Jack Altman is the Founder and CEO @ Lattice, the #1 people management platform, last valued at $3BN. Jack is an investor through his founding of Jack Altman Capital where he has invested in WorkOS, NexHealth, Owner.com, Mercury and more.

Auren Hoffman is the Founder and CEO @ Safegraph, the most accurate database of global points of interest, last valued at $550M. Auren is an investor through his founding of Flex Capital where he has invested in Chime, Checkr, Coinbase, Flexport, Vercel and more.

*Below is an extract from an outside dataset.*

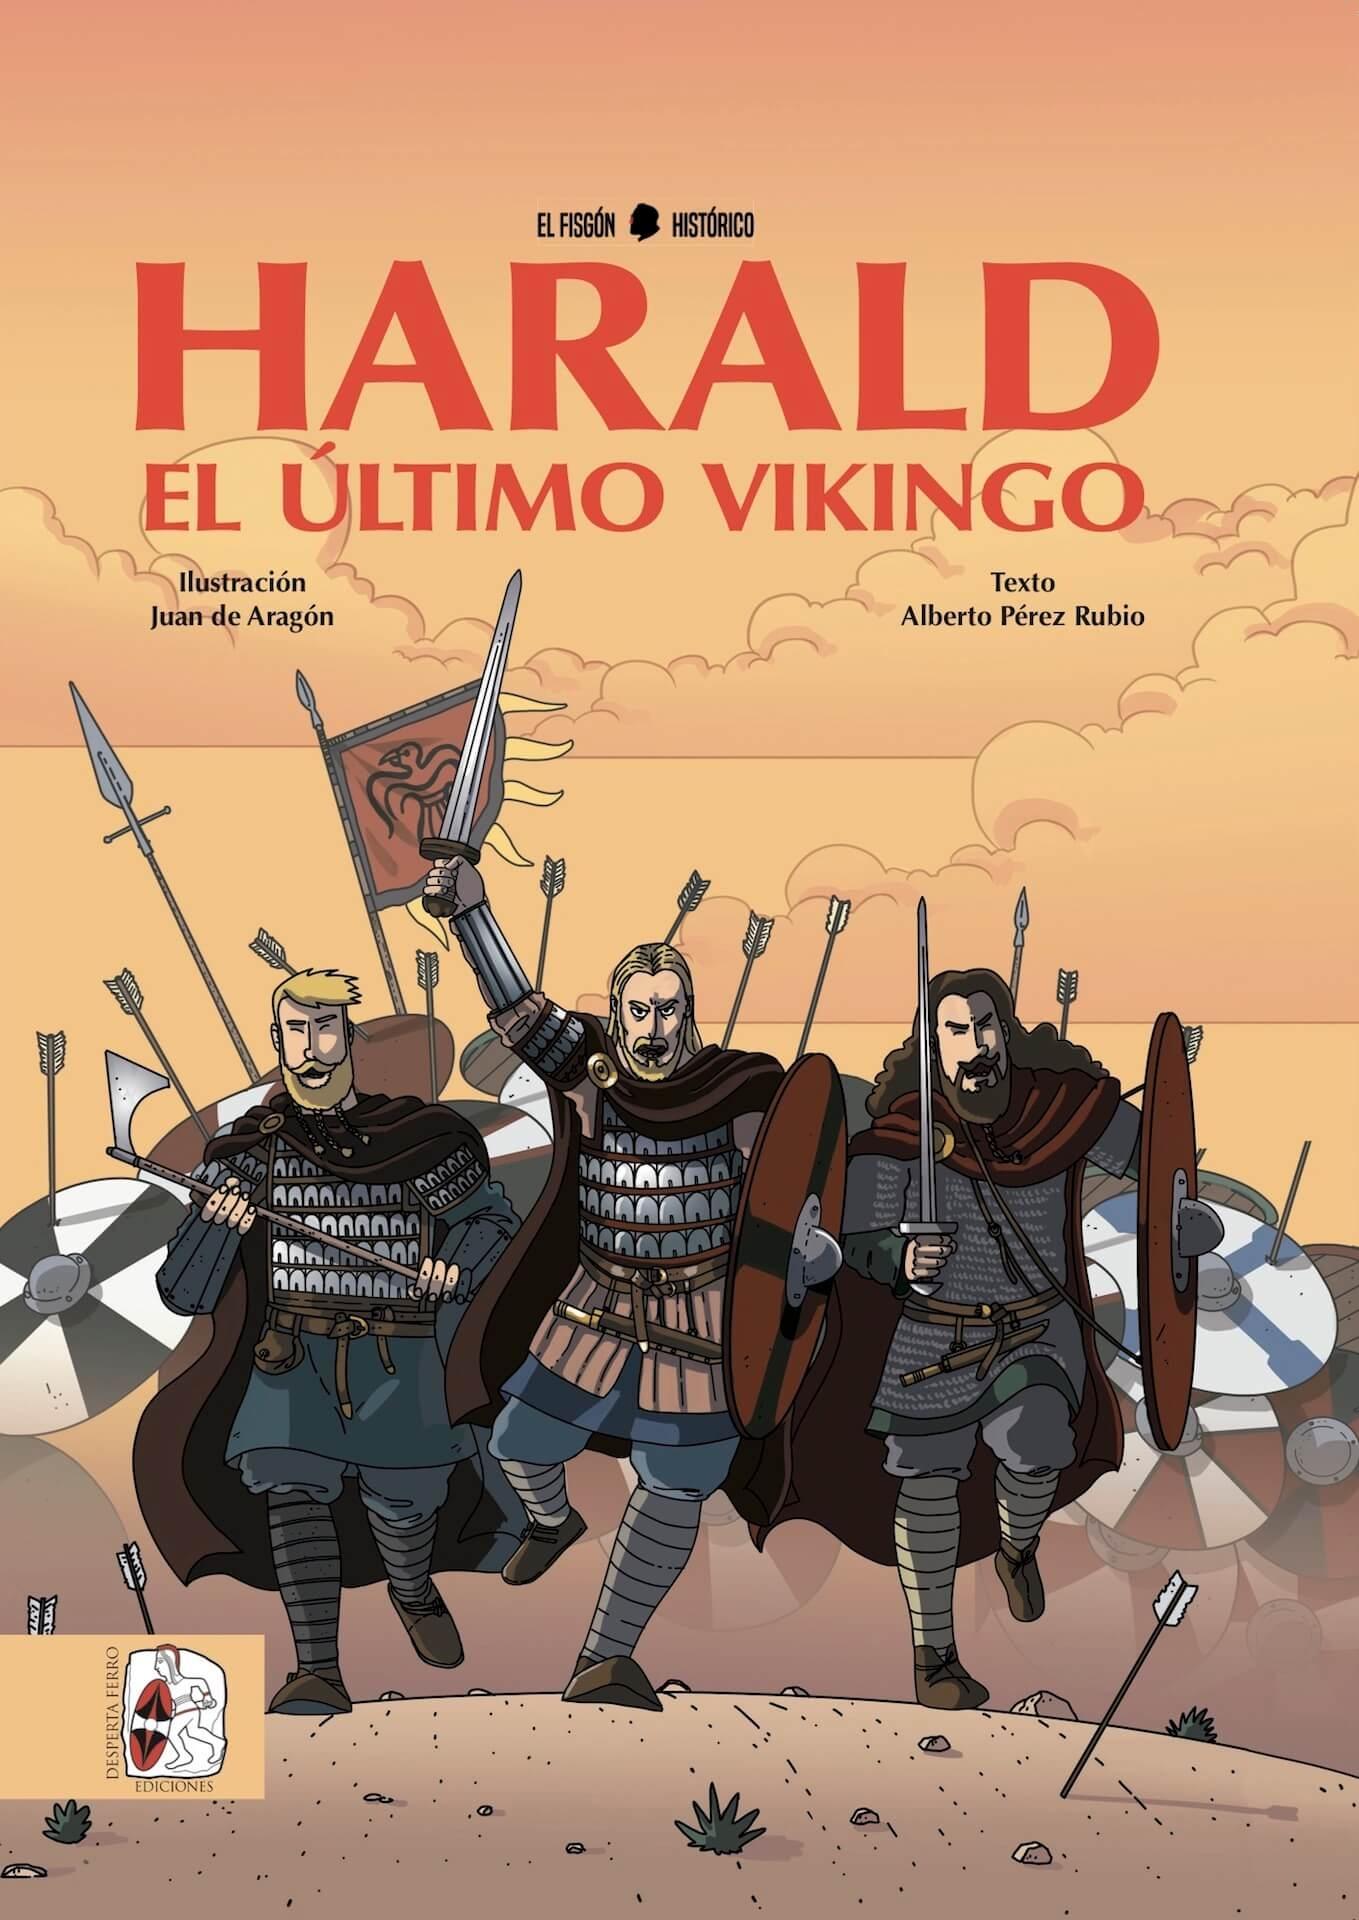 Harald "El Último Vikingo"

Jason Lemkin is the Founder and CEO @ SaaStr, the world's largest SaaS community. Jason is an investor through his founding of The SaaStr Fund. In the past, Jason has invested in Pipedrive, Algolia, Salesloft, Front, GreenHouse, Owner.com, Gorgias and more.

In Today's Episode on Founder-Led Funds We Discuss:

Why have we seen the rise of "Founder-led Funds"? Are founder-led funds more empathetic to the founders they invest in? How do founder-led funds source and pick investments in a way that traditional VC does not? Will we see founder-led Funds truly compete against the Sequoias of the world? How does being an operator make you a better investor? How does investing help you be a better founder and operator? How do you communicate your investing practice and firm to your company and team? What are the biggest excitements and concerns LPs have for Founder-led Funds? Will we see the face of venture changing much more broadly and structurally? How do founder-led funds manage both time and company conflicts?